A Review Paper on Detection of Phishing Websites using Machine Learning

DOI : 10.17577/IJERTCONV7IS08034

Download Full-Text PDF Cite this Publication

Text Only Version

A Review Paper on Detection of Phishing Websites using Machine Learning

Ashritha Jain R

Computer Science and Engineering Alvas Institute of Engineering and Technology

Moodbidri, India

Mrs. Mangala Kini

Assistant Professor Computer Science and Engineering

Alvas Institute of Engineering and Technology Moodbidri, India

Chaithra Kulal

Computer Science and Engineering Alvas Institute of Engineering and Technology

Moodbidri, India

Deekshitha S

Computer Science and Engineering Alvas Institute of Engineering and Technology

Moodbidri, India

Abstract Phishing is the fraudulent attempt to obtain sensitive information of individuals or organization such as usernames, passwords and credit card details by disguising as trustworthy entity in a electronic communication. Phishing attack causes serious threats to users privacy and security. The purpose of this study is to presents an overview about various phishing attacks and various techniques to protect the information. It also includes the discussion of Extreme Learning Machine (ELM) based classification for 30 features including phishing websites data in UC Irvine Machine Learning Repository database.
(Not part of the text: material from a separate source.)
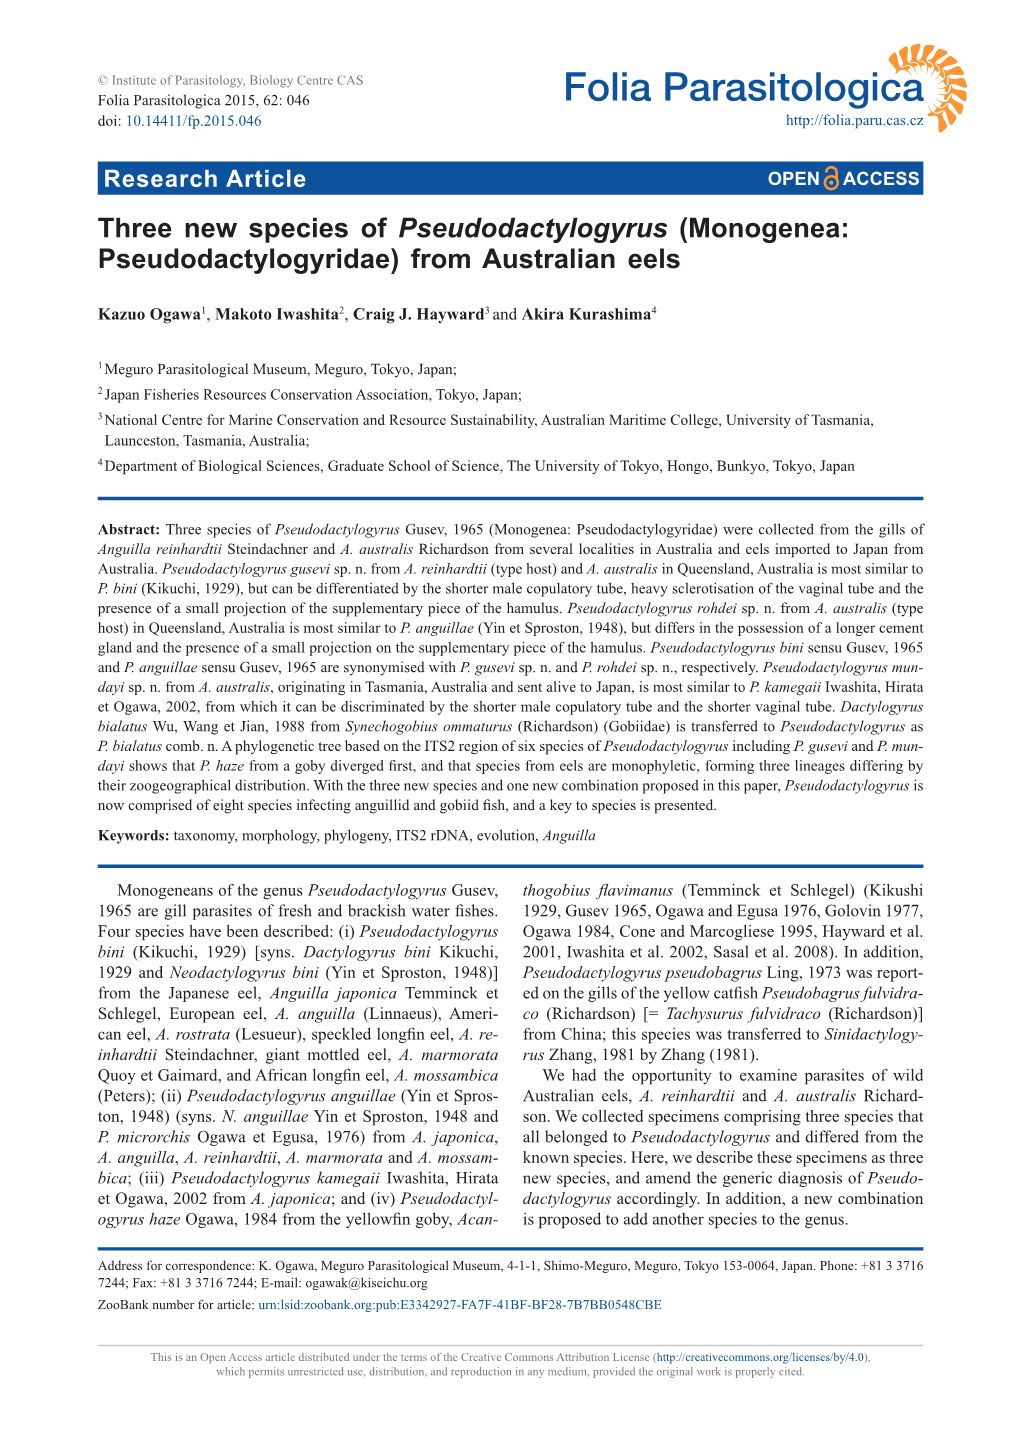 Three New Species of Pseudodactylogyrus (Monogenea: Pseudodactylogyridae) from Australian Eels

Keywords- Phishing, Extreme Learning Machine.

  1. INTRODUCTION

    Internet has become an important part of our life to obtain, spread information in social media. While Mobile Social Networks enrich peoples lives, it also creates some security issues [1]. In one of the previous studies the author defined phishing as a type of semantic attack in an online environment, where the victims are sent spoofed emails which essentially deceive them into providing confidential data such as account numbers, passwords and other personal information to the attacker [2]. To understand what phishing does, we must know the different types of phishing.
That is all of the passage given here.